In POM Wonderful LLC v. Coca-Cola Co., 134 S. Ct. 2228 (2014), the Supreme Court unanimously held that competitors may bring false advertising claims under the Lanham Act challenging food and beverage labels regulated under the Federal Food, Drug, and Cosmetic Act (FDCA). The Supreme Court’s decision in POM was greatly anticipated by some observers in heavily regulated industries (e.g., pharmaceuticals) because of the potential for a statement on preemption or the primary jurisdiction doctrine. Certain district courts have relied on the Ninth Circuit’s POM reasoning to find state law consumer fraud and false advertising claims preempted under the primary jurisdiction doctrine. See, e.g., Astiana v. Hain Celestial Grp. Inc., 905 F. Supp. 2d 1013 (N.D. Cal. 2012). A decision by the Supreme Court affirming the Ninth Circuit could have provided additional ammunition for defendants asserting a primary jurisdiction defense in the product liability or other contexts. But instead the Supreme Court decided the issue on different grounds.

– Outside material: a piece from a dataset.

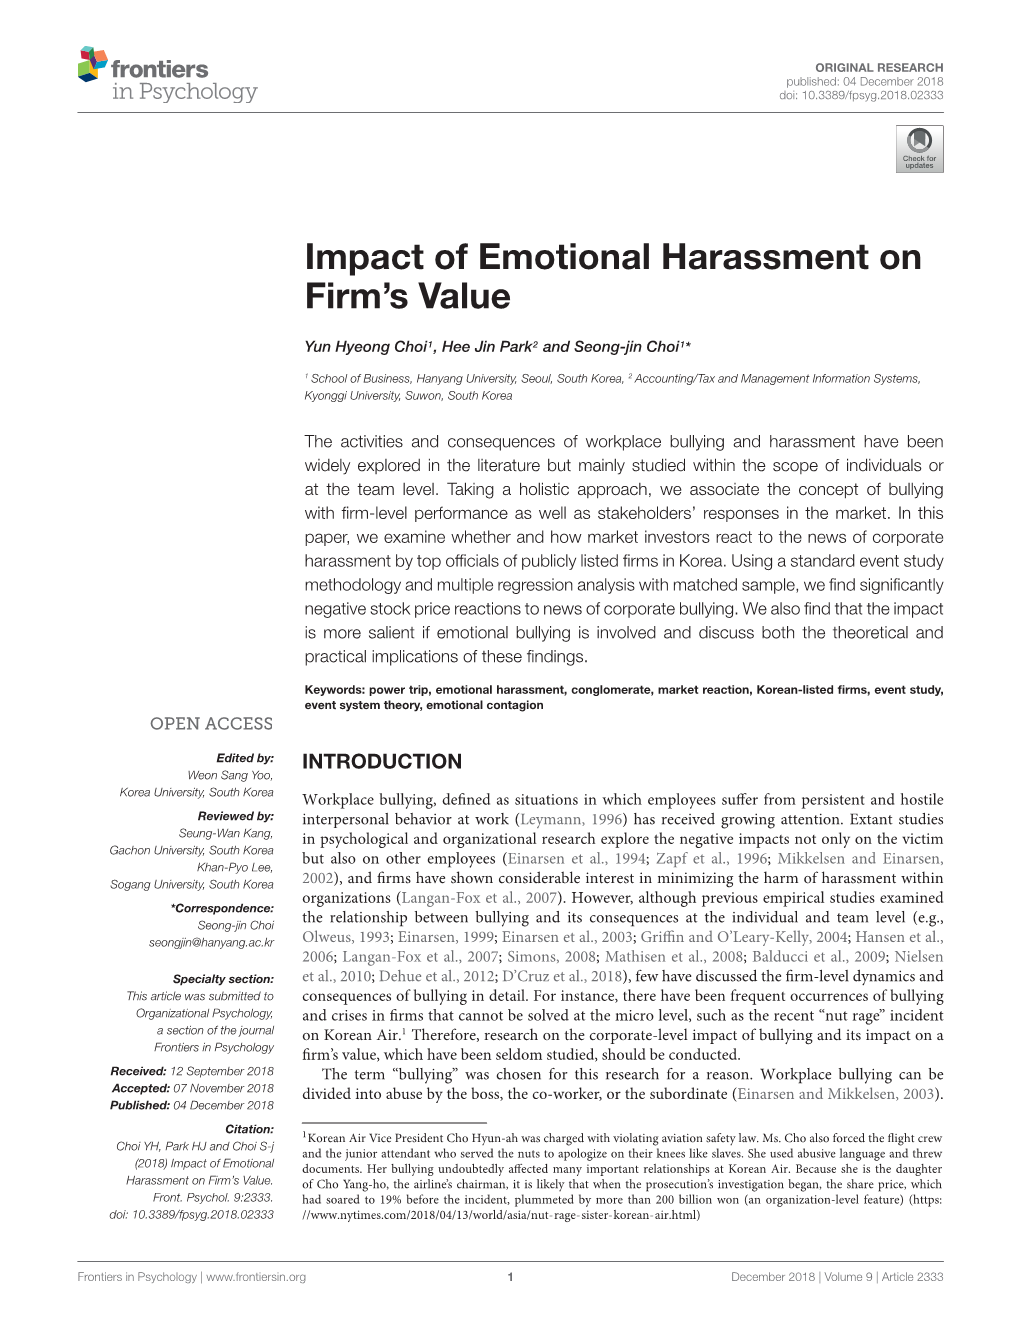 Impact of Emotional Harassment on Firm's Value

In POM, petitioner, which produces and markets a pomegranate-blueberry juice, filed a Lanham Act suit alleging that the name, labeling and advertising of Coca-Cola’s “Pomegranate Blueberry” juice misleads consumers into believing that it consists predominantly of pomegranate and blueberry juice, thereby causing decreased sales for petitioner. 134 S. Ct. at 2235. The lower courts held that the FDCA and the FDA’s regulations precluded petitioner’s suit under the Lanham Act. Id. at 2235-36. The Supreme Court reversed, finding first that this was not a preemption case because it did not raise the question of whether state law is preempted by federal law. Rather, the action concerned a question of preclusion between two federal statutes that hinged on statutory interpretation. Id. at 2236. The Court noted that neither the Lanham Act nor the FDCA expressly forbids Lanham Act claims challenging labels regulated by the FDCA, finding this to be “powerful evidence that Congress did not intend FDA oversight to be the exclusive means” of regulating food and beverage labeling. Id. at 2237. The Court further found that the structures of the two statutes reinforced the conclusion drawn from the text. The two statutes are complementary – while both touch on food and beverage labeling, the Lanham Act protects commercial interests and the FDCA protects health and safety. Id. at 2238. Moreover, because the FDCA’s enforcement is largely committed to FDA and the Lanham Act allows private enforcement, “[a]llowing Lanham Act suits takes advantage of synergies among multiple methods of regulation.” Id. at 2239. For these reasons, the Court stated that “[a] holding that the FDCA precludes Lanham Act claims challenging food and beverage labels would not only ignore the distinct functional aspects of the FDCA and the Lanham Act but would also lead to a result that Congress did not likely intend.” Id.
Because the Supreme Court expressly stated that its decision was about statutory interpretation rather than preemption, the decision does not undermine the potential defense of primary jurisdiction in cases involving heavily regulated industries. But it did not yield the strong opinion on primary jurisdiction that some had hoped for. The POM decision does ensure that the Lanham Act remains a viable option for businesses in the food and beverage industry seeking to protect their commercial interests even when those interests involve a product that is regulated under the FDCA.